Arguments and Information Discussed:
- Defining Mindset: Mindsets are core assumptions that orient us to particular expectations, explanations, and goals within a specific domain. For example, viewing stress as either enhancing or debilitating.
- Mindsets Simplify Reality: They constrain the number of things we have to consider, acting as simplifying systems.
- Growth Mindset: Discussion of Carol Dweck's work on the belief that intelligence or ability is malleable vs. fixed.
- Impact on Motivation: The belief that intelligence is malleable motivates harder work.
- Expanding Mindset Research: The video discusses mindsets related to stress, food, exercise, and illness, not just intelligence.
- Milkshake Study: A study where participants consumed the same milkshake but were told it was either a high-fat/high-calorie indulgent shake or a low-fat/low-calorie sensible shake. Results showed that when participants believed they were consuming the "indulgent" shake, their ghrelin levels (hunger hormone) dropped more significantly. The body acted as if more food was consumed.
- Counterintuitive Finding: Thinking you're eating sensibly (healthy) may leave you feeling less satiated.
- Diet and Mindset: Different dietary approaches (plant-based, omnivore, keto, etc.) often have strong advocates. The video suggests that mindset (belief in the diet) plays a significant role in perceived and potentially actual health benefits, aside from objective dietary factors.
- Nocebo Effect: When negative beliefs cause negative consequences, such as experiencing side effects of a medication merely because you were told you would.
- Hotel Worker Study: Housekeepers were getting exercise at work but did not perceive it as such. When informed their work was good exercise, they experienced health benefits (weight loss, blood pressure decrease), even without changing their behavior.
- Stress as Debilitating vs. Enhancing: The video challenges the oversimplified public health message that stress is always bad. It argues that stress responses can be designed to enhance our ability to manage challenges and adversity.
- Physiological Toughening: The release of catabolic hormones can activate anabolic hormones, helping us build muscle and neurons.

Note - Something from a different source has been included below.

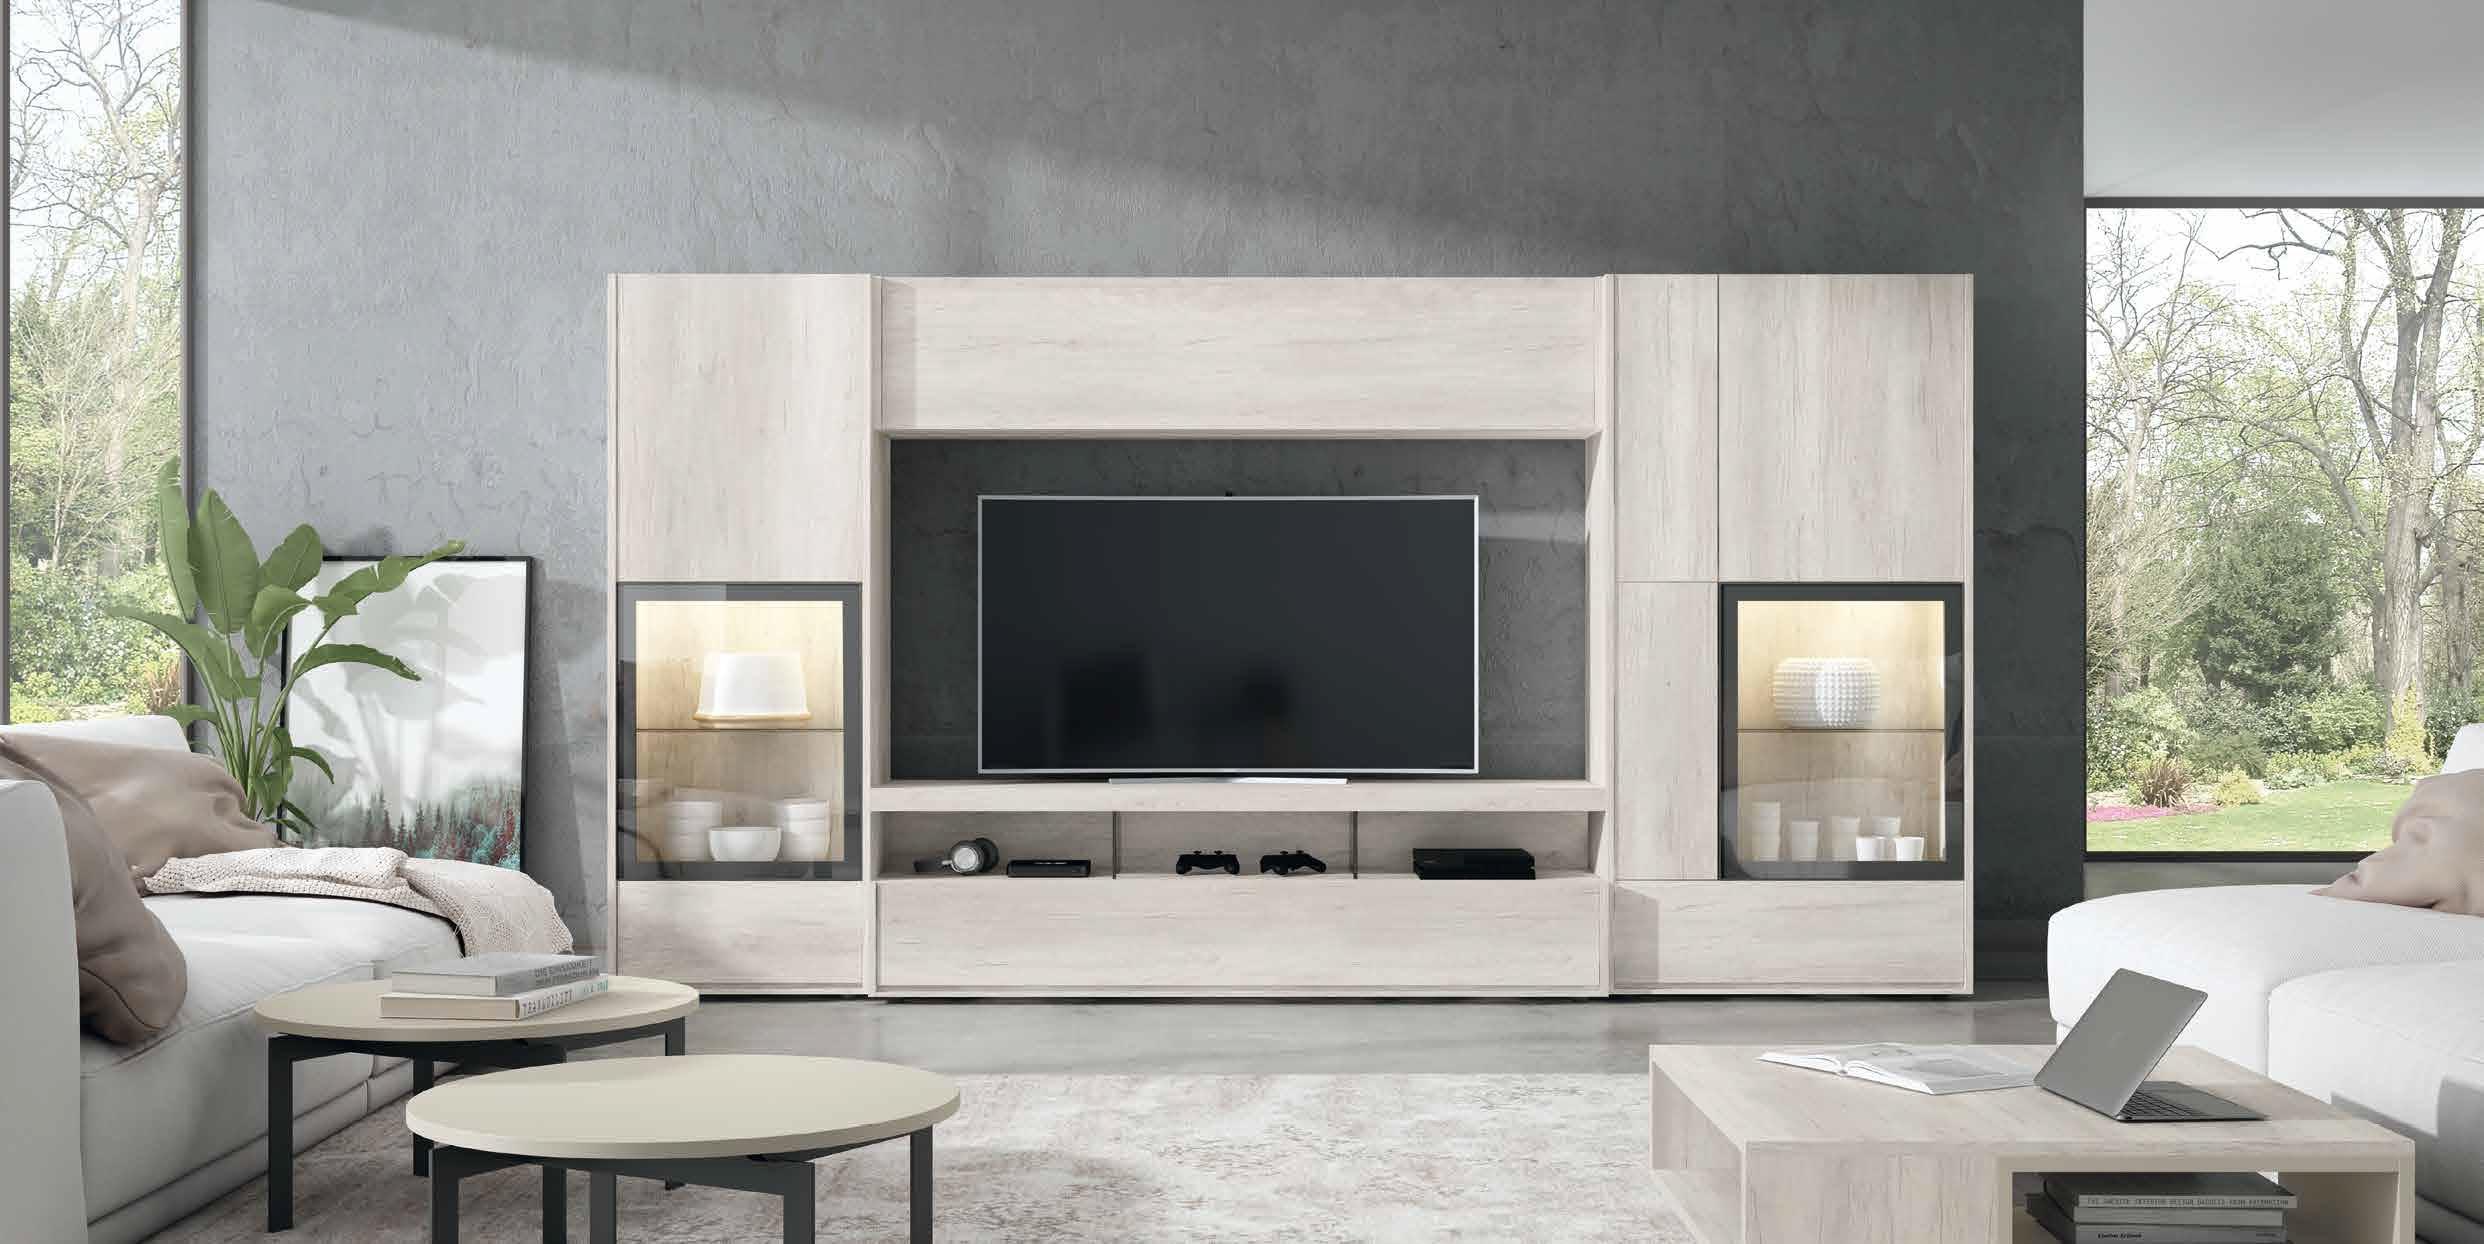 salon-moderno-Nativ-2019-muebles-paco-caballero-0920-5c8ceabee748e

- Post-Traumatic Growth: Traumatic stressors can lead to enhanced connection with values, relationships, and a sense of joy for living.
- Mindset Intervention: A study showed that watching videos that framed stress as enhancing led to fewer physical symptoms (backaches, insomnia) and improved work performance compared to watching videos framing stress as debilitating.
- Motivation and Mindsets: A debilitating mindset leads to freak out or check out, while an enhancing mindset triggers a motivation to use the stress to achieve the enhancing outcomes.
- Hormonal response to stress: Some studies show that people who are inspired to adopt more enhancing mindsets to stress have more moderate cortisol responses and higher levels of DHEA in response to stress.
- Leveraging the stress response: Three-step approach of acknowledging the stress, welcoming it, and utilizing it.
- Defining Stress: Decoupling the negative consequences from the word 'stress' and defining stress as a neutral yet to be determined effect of experiencing or anticipating adversity in your goal related efforts.
- Mindsets as a Portal: Mindsets operate as a default setting between conscious and subconscious processes and can influence physiological responses.
- Role Model Mindsets: Experiences as an athlete and meditation practices were used to explain how mindsets mattered and continue to be part of Aaliyah Crum's way of living.
- Leveraging Placebo Effects: The video suggests leveraging placebo effects consciously in medicine.